3分でわかる農林中央金庫
農協のお金56兆円を世界中に投資する——3,300人の少数精鋭が動かす、世界最大級の機関投資家。
JAグループの中央金融機関 × 世界最大級のCLO投資家 × 1.8兆円赤字からの再建
JAグループの全体像
農林中央金庫はJAバンク・JFマリンバンク・JForestグループの「セントラルバンク」。全国の農林漁業者の貯金を集約し、56兆円規模のグローバル投資で運用益を還元する。
3つのキーワードで理解する
世界最大級の機関投資家——56兆円を動かす3,300人
従業員約3,300人で56兆円を運用。1人あたり約170億円を動かしている計算。日本生命(約68兆円)やGPIF(約250兆円)と並ぶ国内最大級の機関投資家。世界最大のCLO(ローン担保証券)投資家としても知られる。「農協の銀行」から想像できないスケールの投資活動を行っている。
JAグループのセントラルバンク——農業を金融で支える使命
全国約600のJA(農業協同組合)が集めた貯金を農林中央金庫が一括で運用し、その運用益をJAに還元する。いわば「農協のお金を預かって殖やす銀行」。農林漁業者への融資、食農ビジネスの支援も担う。社会的使命と高度な金融を両立する稀有な組織。
1.8兆円の巨額赤字——2025年の激震とその教訓
2025年3月期に連結純損失1兆8,078億円を計上。欧米の急速な利上げで保有していた外国債券の含み損が膨張し、17兆円の外債を売却して損失を確定。JAグループから1.2兆円の資本増強を受けて再建中。「安定した農協の銀行」が一転「世界の金利リスクに翻弄された投資家」に。
身近な接点 — 農林中金との意外なつながり
地方のATMで見かける「JAバンク」。そのお金の運用元が農林中央金庫
JAが集荷するお米・野菜・果物。農家を金融で支えているのが農林中金
年金基金の一部が農林中金を通じて世界の債券・CLOに投資されている
自動車保険や火災保険の「JA共済」。農林中金グループの一員
ひよぺん対話
農林中央金庫って何する会社?農協って古臭くない?
「農協の銀行」と聞くと田舎のイメージかもしれないけど、実態は世界最大級の機関投資家。
やることは大きく2つ——
1. JAグループの貯金を運用: 全国の農家がJAに預けたお金を、世界中の債券・株式・CLOで運用して殖やす
2. 農林水産業を金融で支援: 農業法人への融資、食農ビジネスへの投資
1の規模が56兆円。ゴールドマン・サックスの運用部門と同じレベルのことを、3,300人の日本の組織がやってる。「農協」のイメージとのギャップがすごいでしょ?
CLOって何?それで1.8兆円も損したの?
CLO(Collateralized Loan Obligation)は、企業向けローンを束ねて証券にした金融商品。農林中金は世界最大のCLO投資家で、保有残高は約7兆円。

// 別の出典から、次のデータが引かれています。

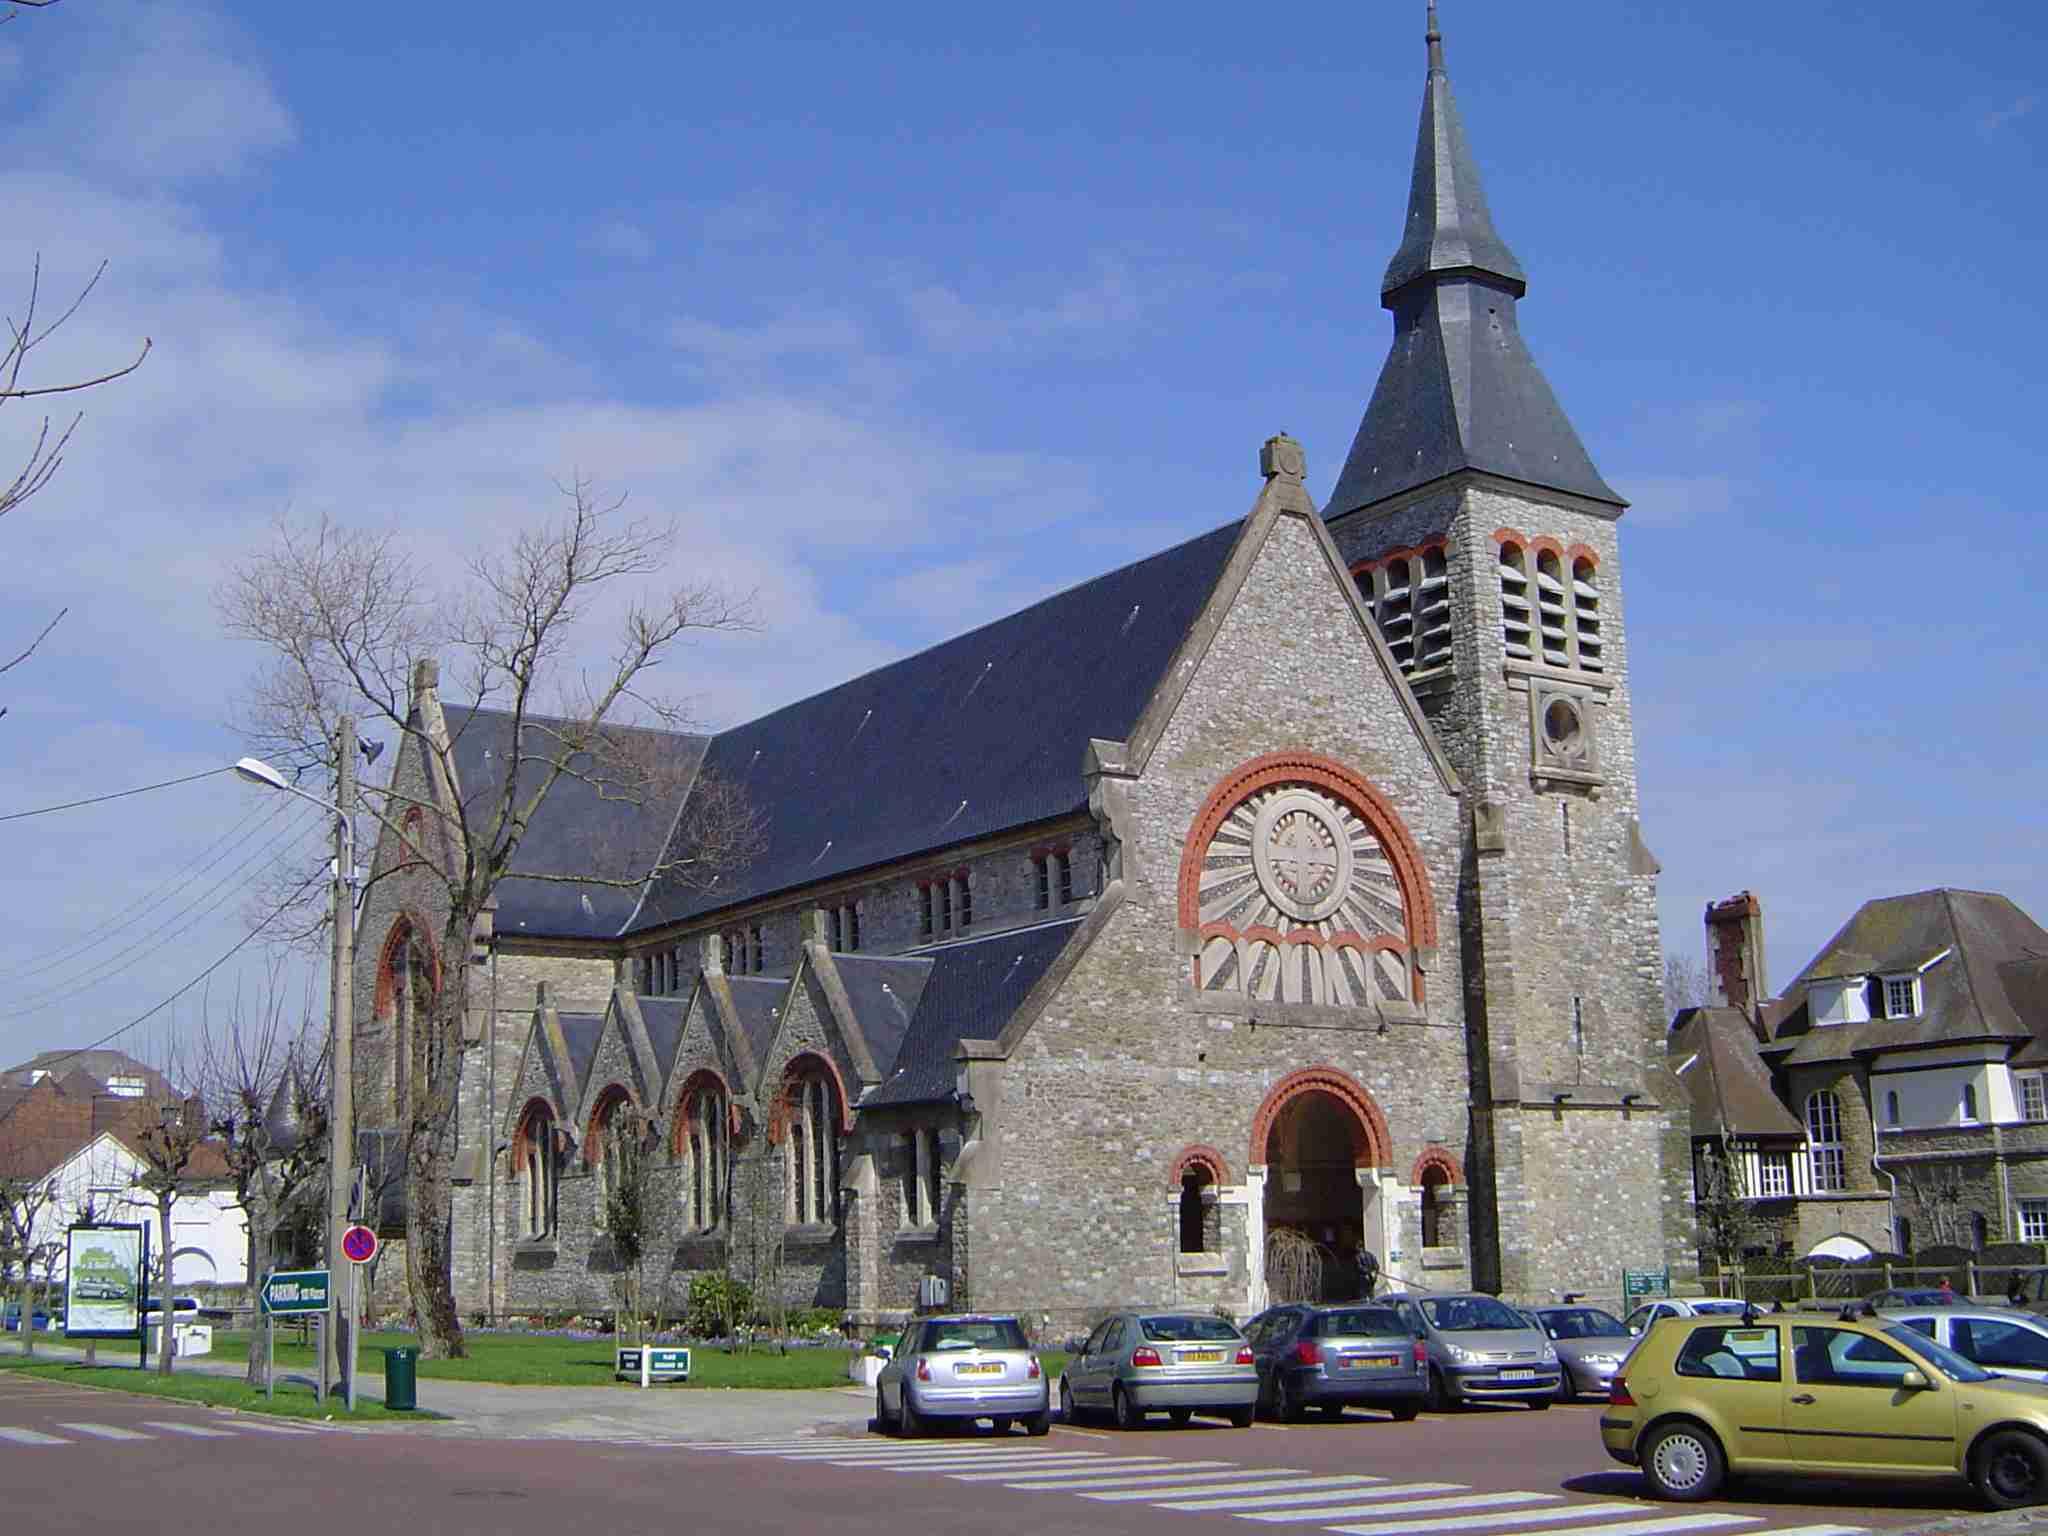 L'église Sainte Jeanne D'arc du Touquet

ただし1.8兆円の赤字の直接の原因はCLOではなく外国債券。欧米が2022年頃から急速に利上げ → 保有していた低金利の外国債券の価格が下落 → 含み損が2.5兆円に膨張 → 損失を確定するため17兆円の外債を売却 → 1.8兆円の赤字。
リーマン・ショックの時もCLOで損失を出した歴史がある。「農協のお金で高リスク投資をしていいのか?」という根本的な問いが突きつけられている。
1.8兆円の赤字を出した会社に入って大丈夫?
正直に言うとリスクはある。でも冷静に見ると——
大丈夫な理由:
・JAグループから1.2兆円の増資を受けて資本は回復
・含み損を5,500億円まで圧縮済み(ピーク時は2.5兆円)
・2026年3月期は黒字転換の見込み(300〜700億円)
不安な理由:
・「JAグループに依存した組織構造」は変わらない
・運用で大損してもJAが助けてくれる → モラルハザードのリスク
・農林水産省の有識者検証会が運用体制を厳しく批判
「入社後すぐにクビになる」心配はないけど、組織が変わる過渡期であることは理解しておくべき。逆に言えば「改革の当事者として働ける」チャンスでもあるよ。
平均年収938万円って銀行の中でもかなり高い?
メガバンクと同水準かやや上。しかも従業員3,300人の少数精鋭だから、1人あたりの待遇が手厚い。
・農林中央金庫: 938万円(平均年齢39歳)
・三菱UFJ: 847万円
・三井住友: 832万円
・みずほ: 811万円
年齢を考えると「39歳で938万円」はかなり優秀。メガバンクの847万円は平均年齢40歳以上での数字だから。ただし1.8兆円赤字の後、賞与削減や採用抑制の可能性はある。